Um estudo publicado na revista Acta Amazonica identificou a presença do parasita Echinococcus vogeli em pacas (Cuniculus paca) abatidas e consumidas por comunidades tradicionais da Amazônia Ocidental. O agente é responsável pela equinococose policística humana, zoonose considerada emergente na região.

A pesquisa foi desenvolvida entre 2022 e 2023 nos municípios de Sena Madureira e Rio Branco, no Acre, sob coordenação do professor Francisco Glauco de Araújo Santos, do Centro de Ciências Biológicas e da Natureza (CCBN), integrando a dissertação de mestrado de Liliane de Souza Anadão, do Programa de Pós-Graduação em Sanidade e Produção Animal Sustentável na Amazônia (PPGSPASA).

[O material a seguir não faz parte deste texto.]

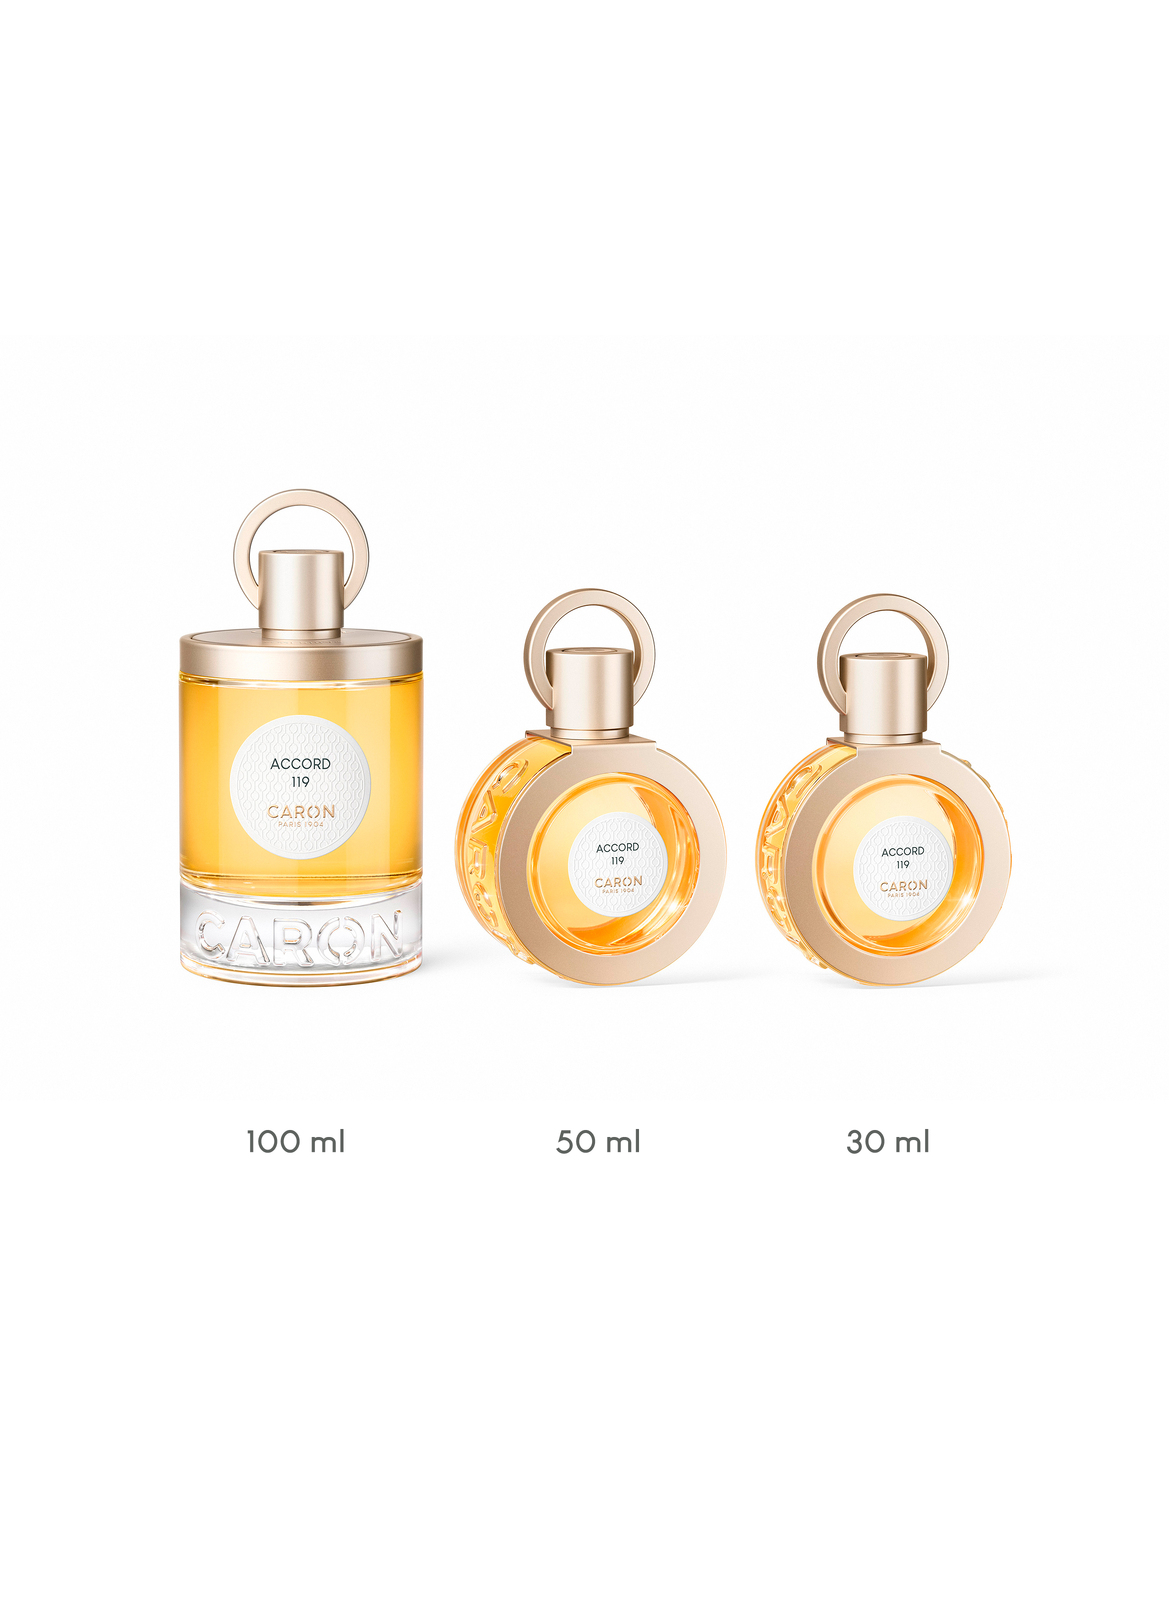 CARON Accord 119 Perfume 100ml Refillable

O estudo entrevistou 78 famílias e analisou 23 fígados de pacas abatidas para consumo. Em 48% das amostras foram identificados cistos hidáticos causados pelo parasita. A pesquisa também apontou que a maioria dos cães das comunidades participa das caçadas e consome vísceras cruas dos animais.

Segundo os pesquisadores, o principal risco de transmissão ocorre quando cães infectados eliminam ovos do parasita no ambiente, contaminando solo, água e alimentos.

“O principal risco está associado ao descarte inadequado das vísceras e ao contato com ambientes contaminados pelas fezes de cães infectados”, destacou o professor Francisco Glauco.

O estudo reforça a necessidade de ações de vigilância e educação em saúde nas comunidades rurais, principalmente relacionadas ao manejo de cães e ao descarte adequado das vísceras dos animais abatidos.

Para o pesquisador Leandro Siqueira, doutor em Medicina Tropical pela Fiocruz e coautor do estudo, a pesquisa amplia o conhecimento sobre a transmissão da doença na Amazônia e pode contribuir para futuras ações de prevenção e diagnóstico na região.